As is often the case with DH projects, my current endeavor has involved going back to an older research project, and resurrecting and reformatting ideas and materials that I haven’t looked at in a while.
A few years ago I started working with the journal Novosel’e (I’ll write another post about my research question and its evolution), and was able to physically locate the entire run – 35 issues bound together in 7 volumes – and spent hours (hours) at the Electronic Text Services Center at Columbia University (now the Digital Humanities Center) scanning every single page.
So when I came back to this project a few months ago, I had PDFs of every issue at my disposal, and didn’t have to go though the time-consuming process of creating them. But what to do with these PDFs? What is the most efficient and effective way to make them machine readable and machine-actionable?
Luckily I could ask my multitalented colleague at the Princeton CDH, Ben Johnson, for advice. He sat down and helped me figure out how to extract clean text from those PDFs that could be plugged in, processed, and analyzed by the programs and tools I’m interested in.
The best text files will be created when images are black/white (not color or greyscale) and at a resolution of about 300dpi. By using image editing software you can clean up the images (cropping out edges and noise on the margins) will help. I chose not to spend the time cropping the text – my images seemed clean enough.
The next step was gauging the quality of the OCR. There are many options for OCR – such as Adobe Acrobat Pro, ABBYY FineReader, OmniPage, Google’s Tesseract, etc.. Since I created my files in Adobe Acrobat Pro, that’s what I first used to OCR my texts. The result was not great, and certainly not good enough to create the clean text that I require.
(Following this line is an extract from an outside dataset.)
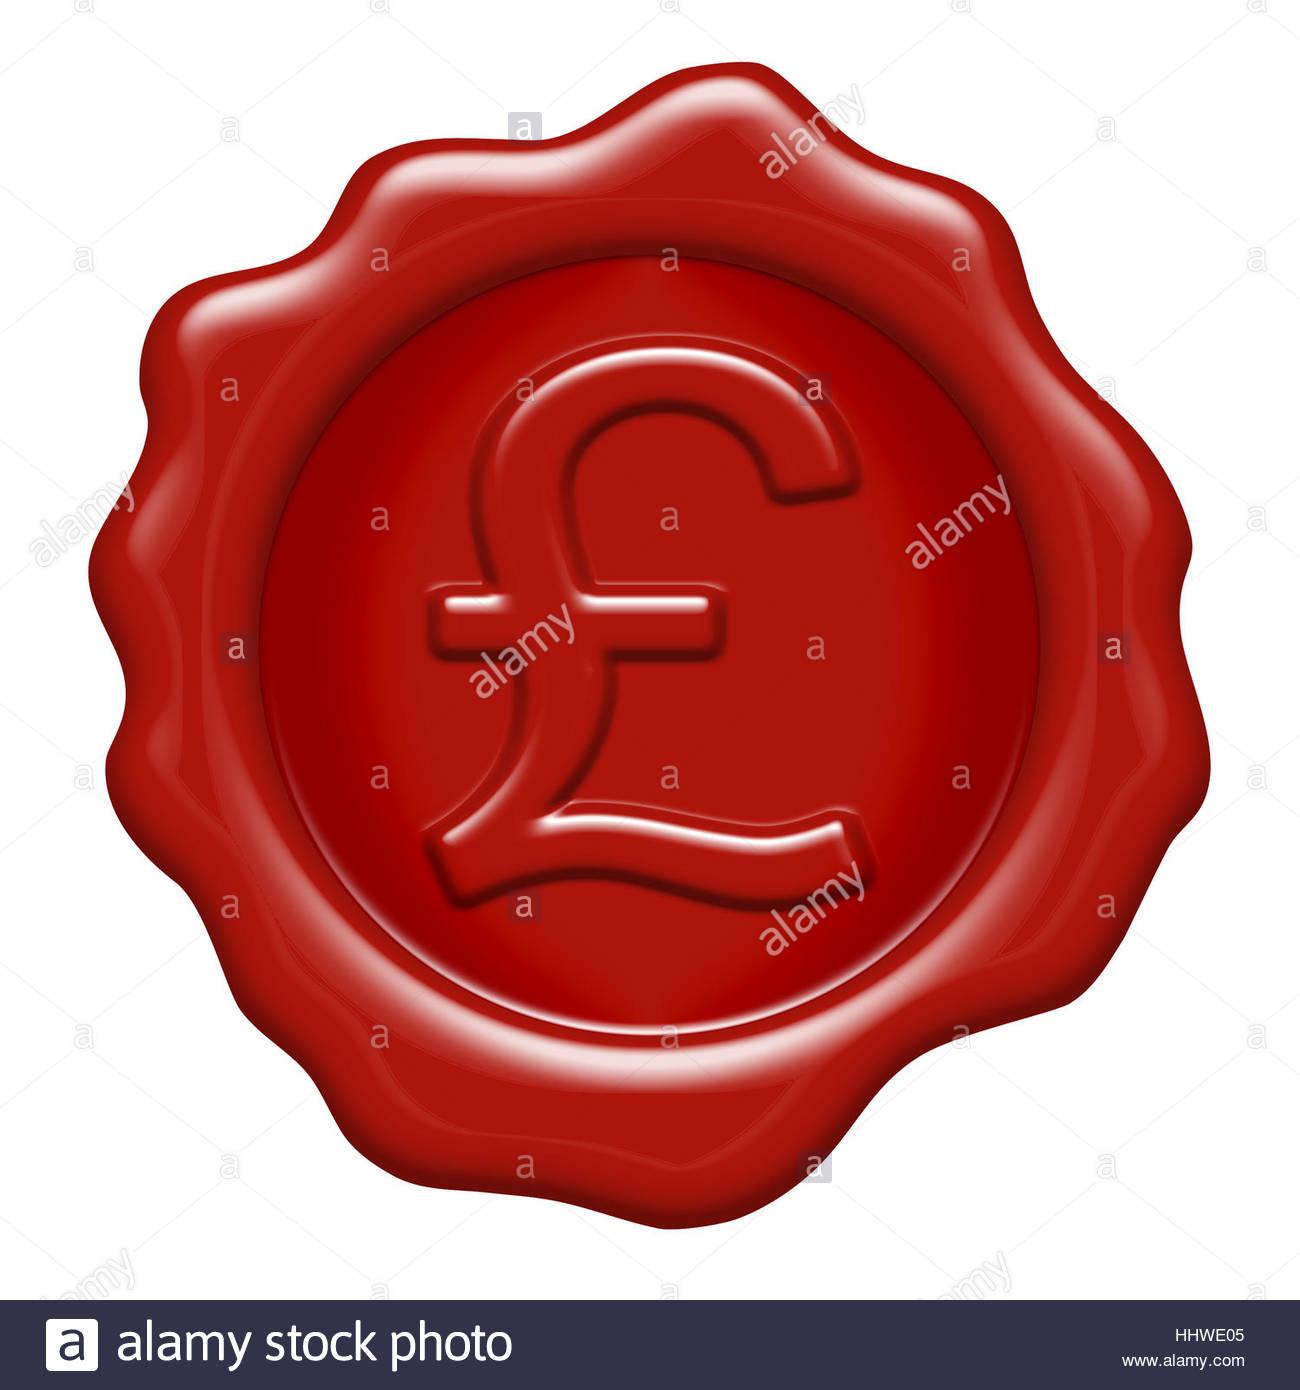 British Pound Symbol As A Wax Seal Stock Photo 131481509 Alamy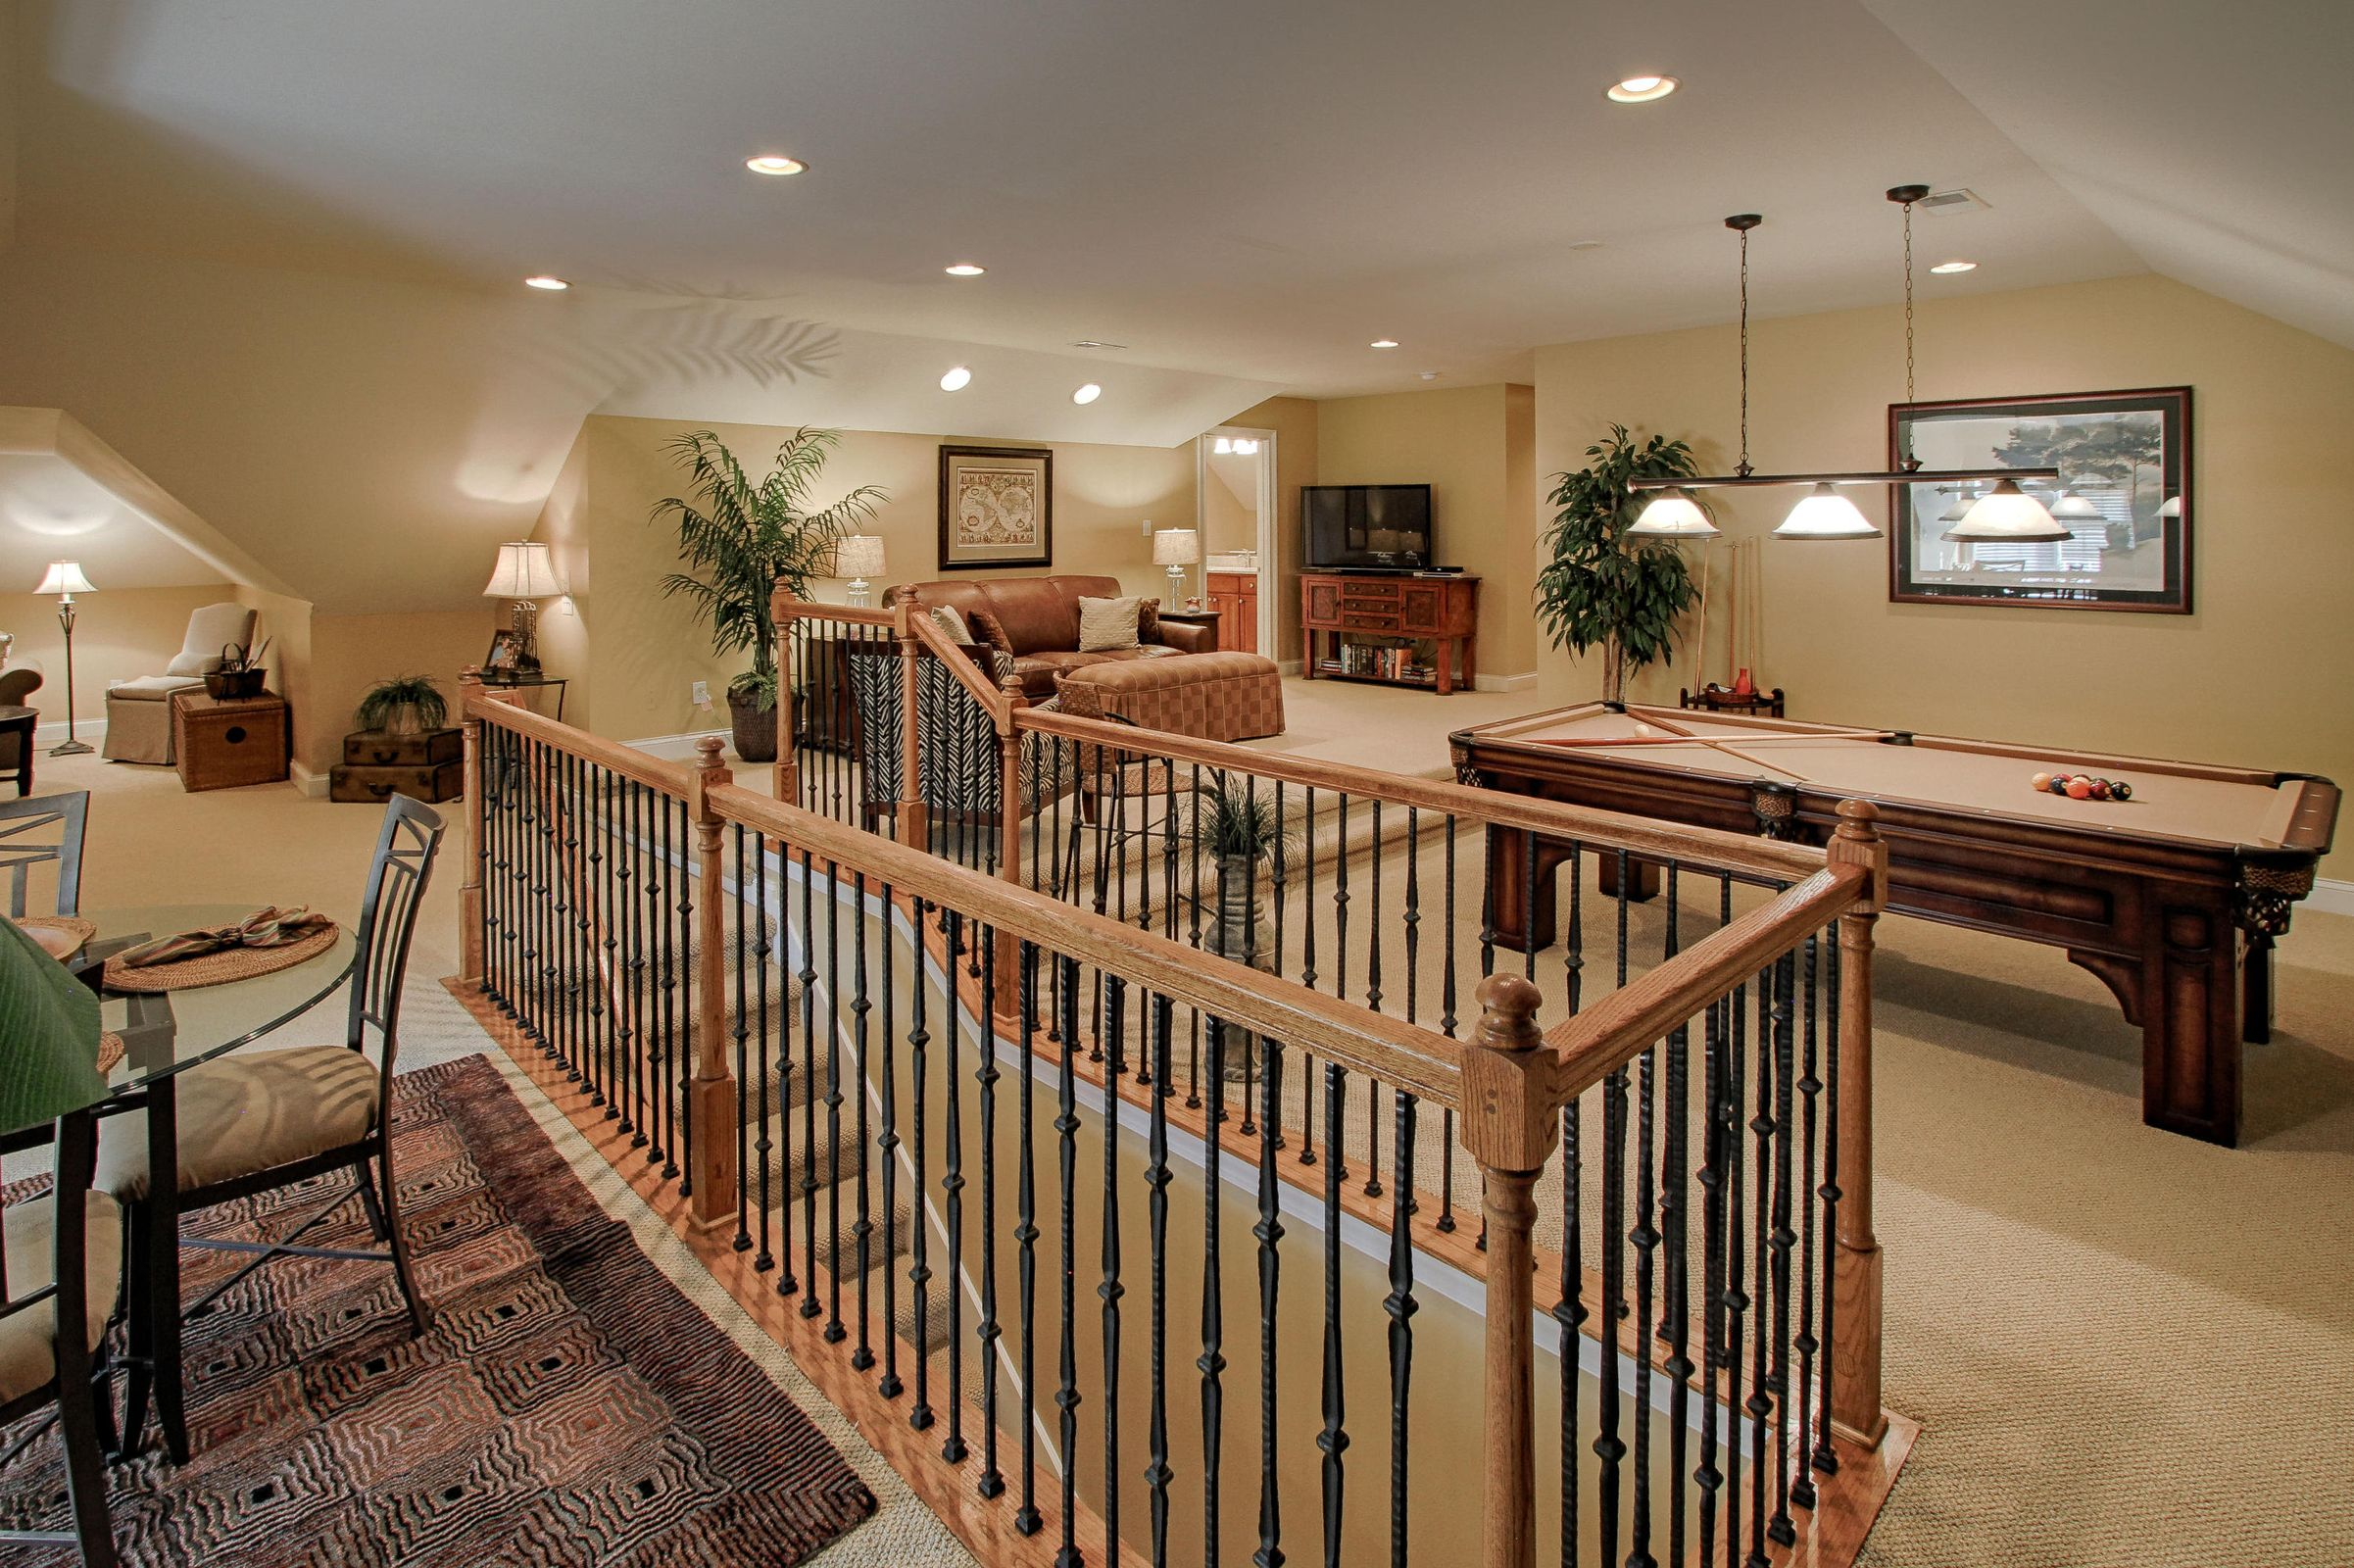 26 - Stairs in Bonus Room offer openess

I then ran my PDFs through ABBYY FineReader and got much better results. What was so much better? This software seems to read and understand Russian, is good at recognizing and “guessing” words, and even puts together words split at the end of a line (ABBYY is headquartered in Moscow btw). These are all very important for creating machine-actionable texts that can be read and analyzed at the word-level.
So the takeaway from this post is: use ABBYY to OCR your Russian texts.
Anyone have any other experiences?
In the next post I’ll describe how I plan to model my data, and which tools I will use to encode it.